Et en moi, il n'y avait rien.
Pas de grognement.
Pas de murmure.
Pas de souffle animal chaud lové autour de mon cœur.
Juste le silence.
Et parfois, quand le ciel devenait lourd et sombre, le tonnerre.
J'appuyai mes paumes plus fort contre le sol du foyer de la meute et frottai jusqu'à ce que mes articulations me brûlent.
Le marbre sous moi était assez froid pour piquer la peau. Il traversait le grand hall avec ses veines gris pâle, poli chaque semaine par des filles comme moi et admiré chaque soir par des loups qui ne baissaient jamais les yeux assez longtemps pour se demander qui l'avait nettoyé. Ce soir, il devait briller. Ce soir, la Lune de Sang se lèverait.
Ce soir, chaque jeune de dix-huit ans sans compagnon à Raven Hollow se tiendrait sous le chêne sacré pour être béni.
Certains changeraient.
Certains sentiraient l'odeur de leur compagnon.
Certains gagneraient des titres, des avenirs, des places aux tables où les décisions étaient prises.
Et moi, je resterais au fond, là où vont les choses dont personne ne veut, en espérant que personne ne remarque que la Déesse Lune n'avait plus rien à me donner.
« Il manque un endroit. »
La voix venait d'au-dessus de moi, douce et sucrée comme du miel empoisonné.
Je n'avais pas besoin de lever les yeux pour savoir qui c'était.
Selene Ashford posa ses bottes boueuses sur le sol propre.
Je fixai la trace sombre qu'elle laissait sur le marbre.
Quelques filles derrière elle rirent.
Selene était la nièce de l'Alpha Garrick, bien qu'elle se comportât comme sa fille. Des cheveux dorés, des yeux ambrés et un loup si fort que tout le monde disait qu'elle serait une Luna un jour. Elle était de ce genre de beauté à laquelle les gens obéissent avant même qu'elle ne parle, le genre de cruauté que les gens pardonnent parce que son sourire ressemble à la lumière du soleil.

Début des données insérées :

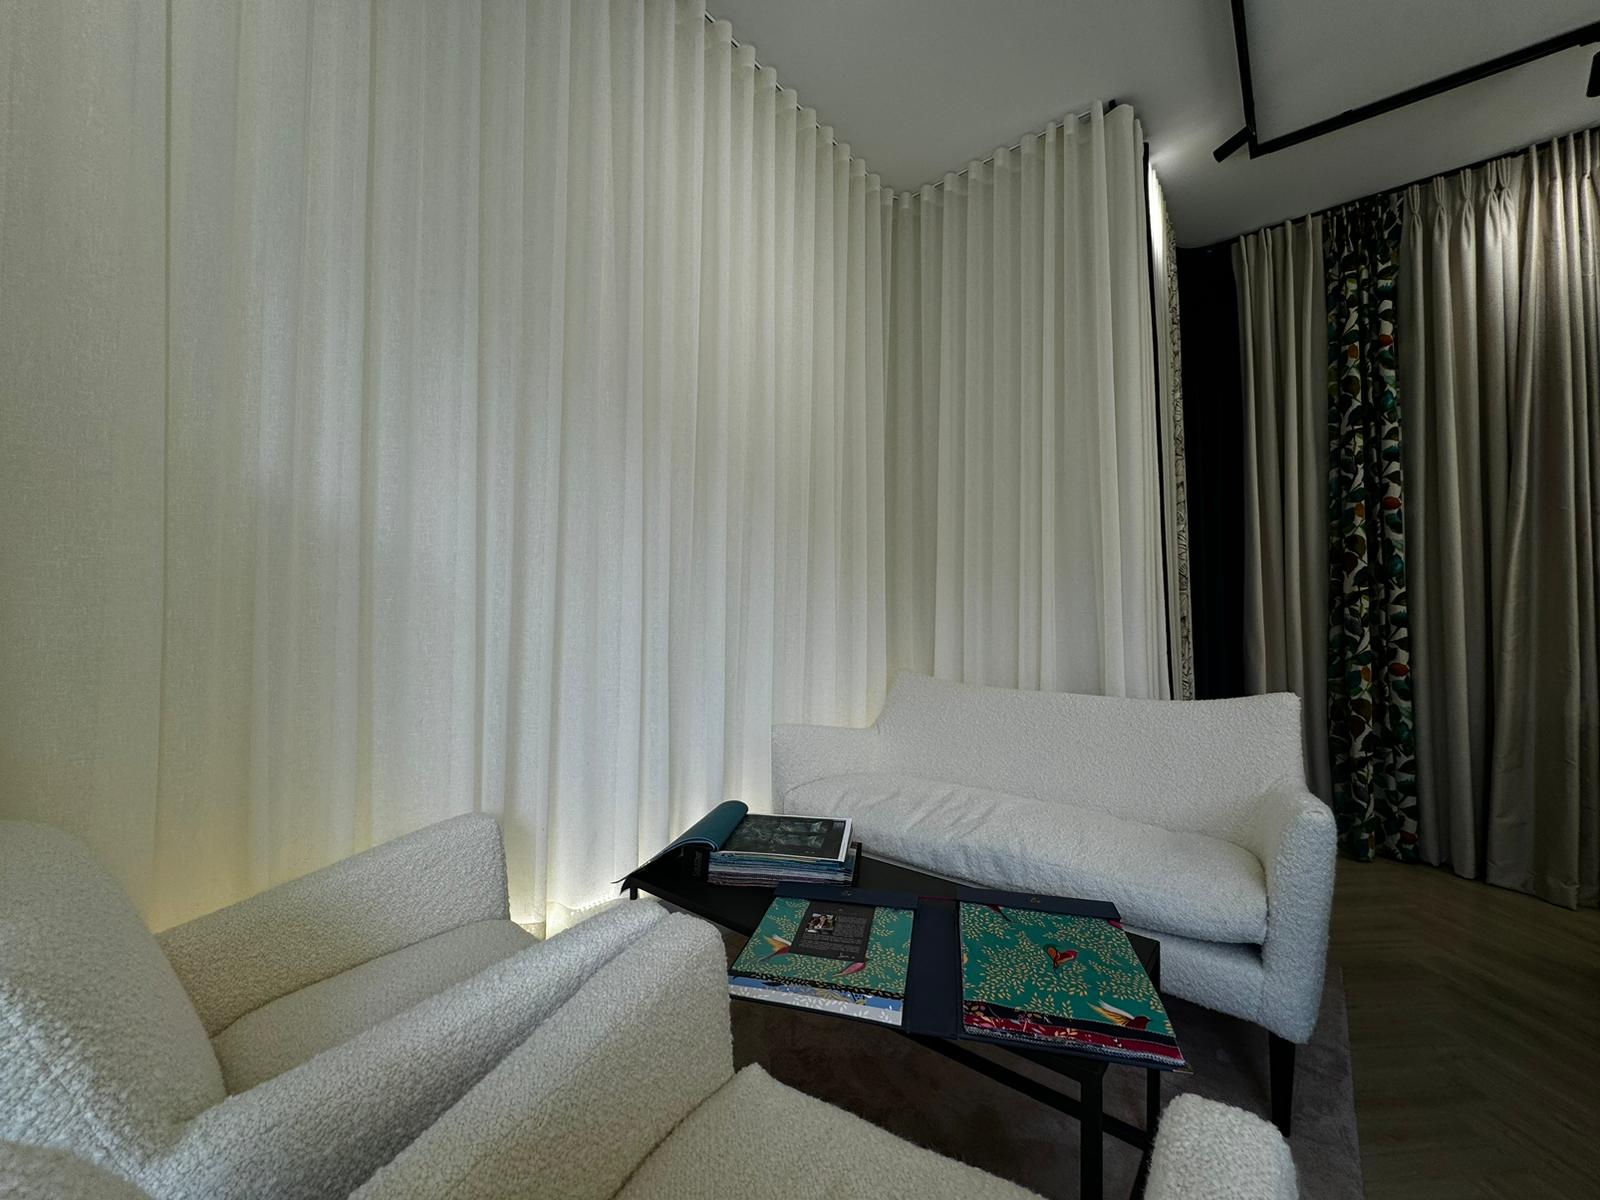 Designer furniture (which we also now sell) in our consulting area where clients and Interior Designers might peruse the latest fabrics in North London's finest Designer Fabric showroom, also displaying an uplit sheer wave curtain to disguise an otherwise plain wall

Je trempai mon chiffon dans le seau et l'essorai.
« Oui, Selene. »
Elle s'accroupit devant moi en penchant la tête. Son parfum était vif et floral, censé couvrir le musc sauvage du loup sous sa peau. « Tu as l'air fatiguée, Lyra. »
Je frottai la boue. « Je vais bien. »
« Tant mieux. » Son sourire s'élargit. « Tu auras besoin de tes forces ce soir. »
Les filles derrière elle ricanèrent encore.
Je gardai le visage impassible.
C'était une chose que j'avais apprise très tôt à Raven Hollow : la douleur n'est divertissante que lorsqu'elle se voit.
Selene se pencha plus près. « Tu es impatiente ? Peut-être que ce soir est enfin la bonne nuit. »
Mes doigts se crispèrent sur le chiffon.
« Peut-être que ton loup a juste été timide toutes ces années », continua-t-elle. « Peut-être qu'il se cache. Peut-être qu'il est minuscule. » Ses yeux étincelèrent. « Comme une souris. »
Un autre rire.
Ce son me griffa le dos.
Je voulais dire quelque chose. N'importe quoi. Je voulais lui dire qu'au moins une souris a des dents. Qu'au moins une souris sait quand fuir. Mais les mots étaient dangereux dans une meute. Ils pouvaient devenir des accusations, et les accusations pouvaient devenir des punitions.
Alors je baissai les yeux.
« Oui, peut-être. »
Le sourire de Selene s'effaça un peu. Elle détestait quand je ne me laissais pas abattre facilement.
Sa botte pressa le bord de mon chiffon, le piégeant sous son talon. « Ou peut-être que la Déesse Lune t'a oubliée. »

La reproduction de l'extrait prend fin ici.